Crystal cleaning the LHC beam
Beams travel inside the LHC at close to the speed of light and cleaning out particles that fly too far from the main path is not an easy feat. More than 100 collimators punctuate the ring at specific locations to make sure that the particles that stray – called beam halos – are cleaned or absorbed to protect delicate accelerator equipment. This October, an advanced technique using bent crystals was proven to increase the overall performance of the cleaning process.
Bent crystals, as the name suggests, are crystals bent mechanically to create a curve at a microscopic angle. The nature of crystalline structure means that halo particles, which would otherwise scatter at random angles, can be steered and channeled directly toward absorbers installed downstream, relaxing the need for the secondary and tertiary collimators used by the LHC’s existing system. This application for beam collimation was triggered by the pioneering work started by the UA9 collaboration in 2009, and is supported by funds from the High-Luminosity LHC project. Used in several scenarios, bent crystals were a tool for collimation studies in the LHC, but had never been used in a physics run until now.

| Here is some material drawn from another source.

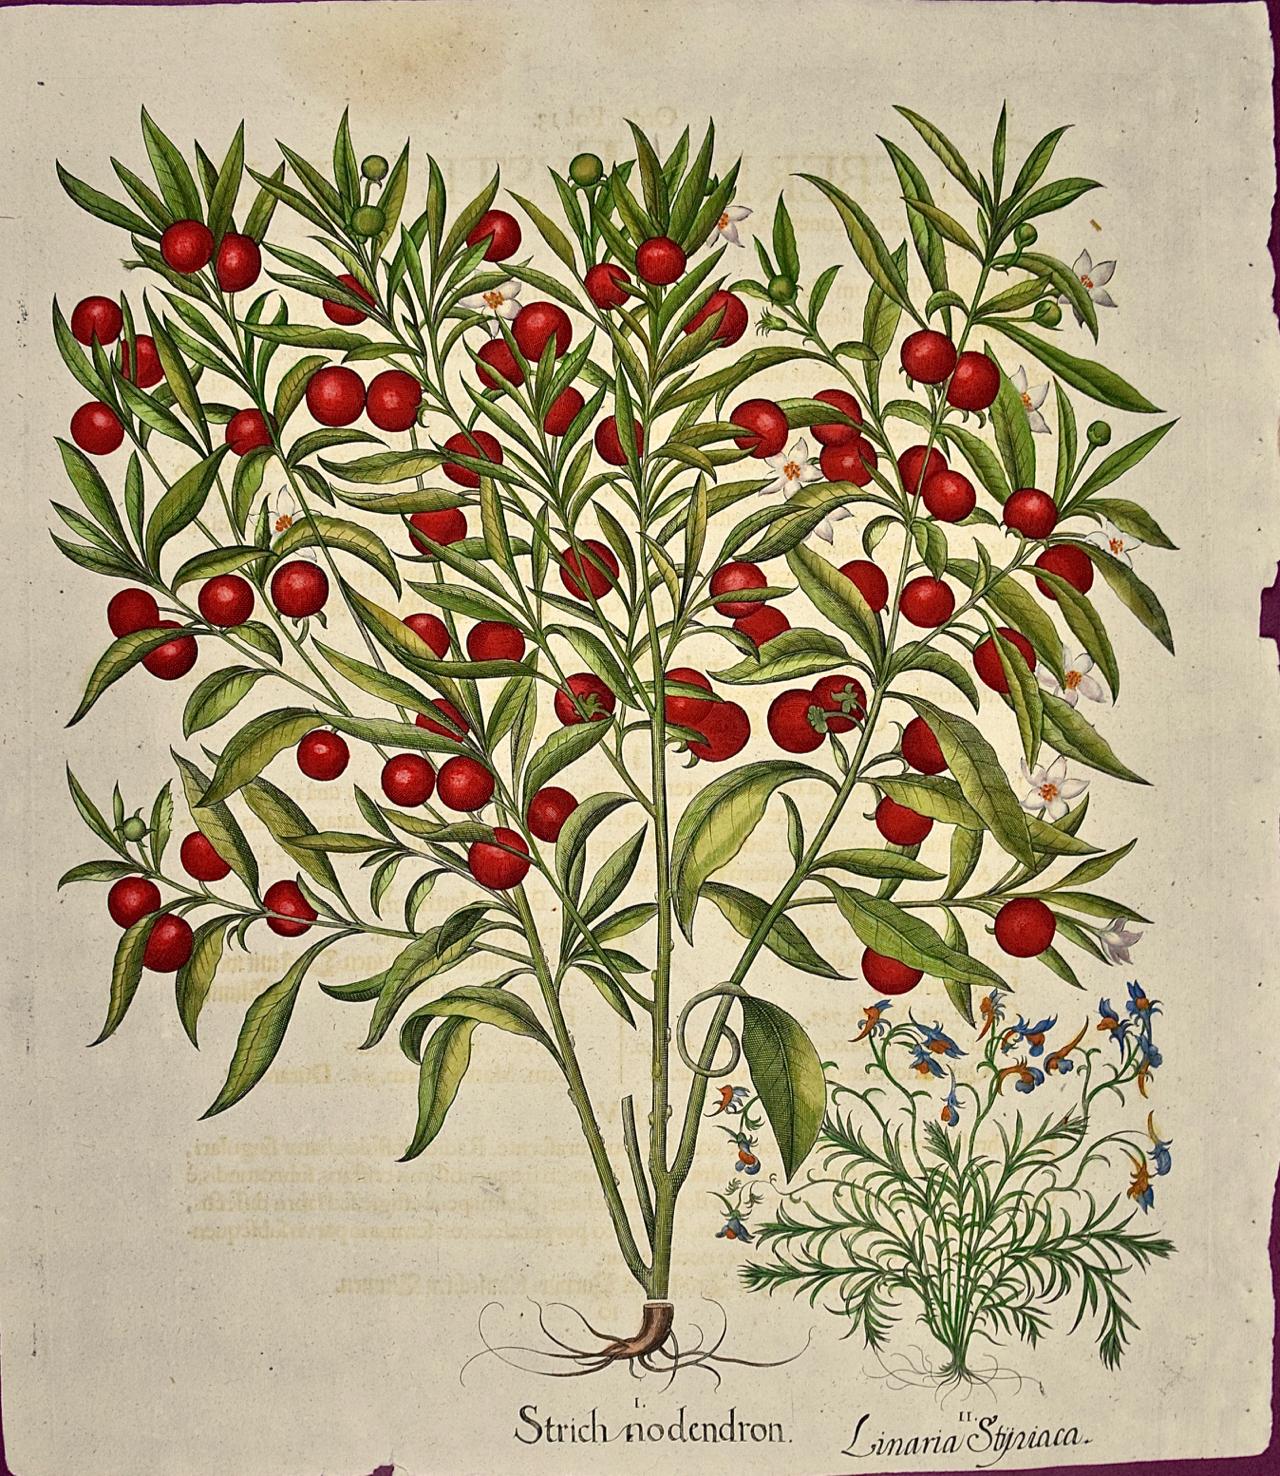 Basilius Besler Figurative Print - Flowering Jerusalem Cherry Plants: A Besler Hand-colored Botanical Engraving

“We have two bent crystals installed on each LHC beam pipe at Point 7 for crystal collimation studies,” says Stefano Redaelli, who is in charge of the LHC collimation system and its upgrade for the High-Luminosity LHC. “In these devices, halo particles are steered by the highly pure periodical lattice structure of the crystal. This produces a very high bending effect over short distances that is beyond the reach of conventional magnets.”

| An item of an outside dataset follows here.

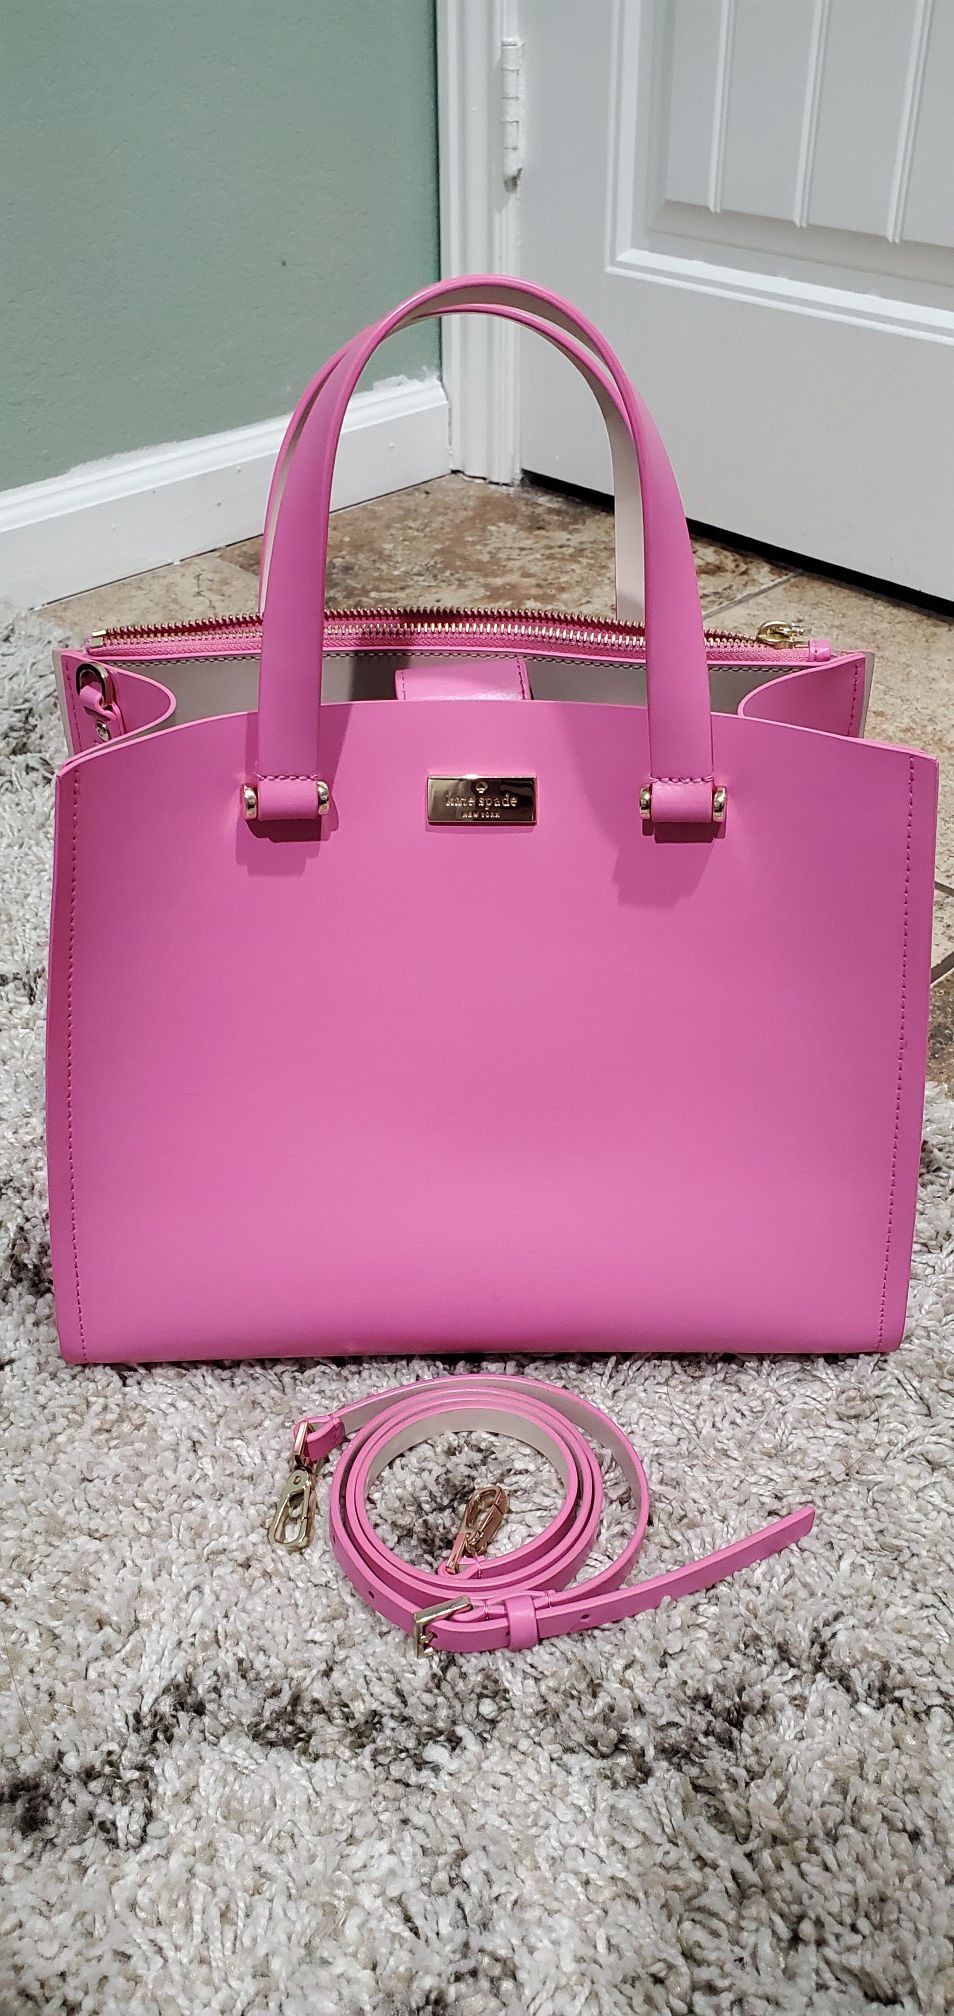 Kate spade pink bag

Beam halos are a nuisance, as they can damage sensitive equipment like superconducting magnets and also affect the quality of physics data by creating more background noise. To reduce this effect, the LHC’s beam collimation team use many different techniques. One such technique is scraping, which requires interrupting the beam to clean and diffuse the halo, causing a significant time loss per fill before data-taking can resume. With bent crystals, beam halos are steered toward dedicated absorbers, reducing this time loss and increasing the quality of data by providing cleaner backgrounds.
“We decided to use crystals to control background particles on the TOTEM and ATLAS-ALFA experiments’ Roman pot detectors. Detailed simulations were carried out before the crystals were inserted and used as primary collimators for low-intensity beams,” says Redaelli. The results measured showed less background noise and frequent scraping was not needed.
Tests of crystal collimation to clean beams will continue until the end of the year. Many teams have been involved in the development of crystal collimation systems installed in the LHC, including the Accelerator and Beam Physics (BE-ABP), Survey, Mechatronics and Measurements (EN-SMM), and Sources, Targets and Interactions (EN-STI) groups. There is particular interest in seeing how efficiently the system will work in cleaning the complex losses from heavy-ion beam halos. These new results will provide important input to decide if crystal collimation can become part of the upgrade plans for the HL-LHC.
* The UA9 Collaboration consists of CERN, PNPI, INFN, LAL, JINR, IHEP, Imperial College London.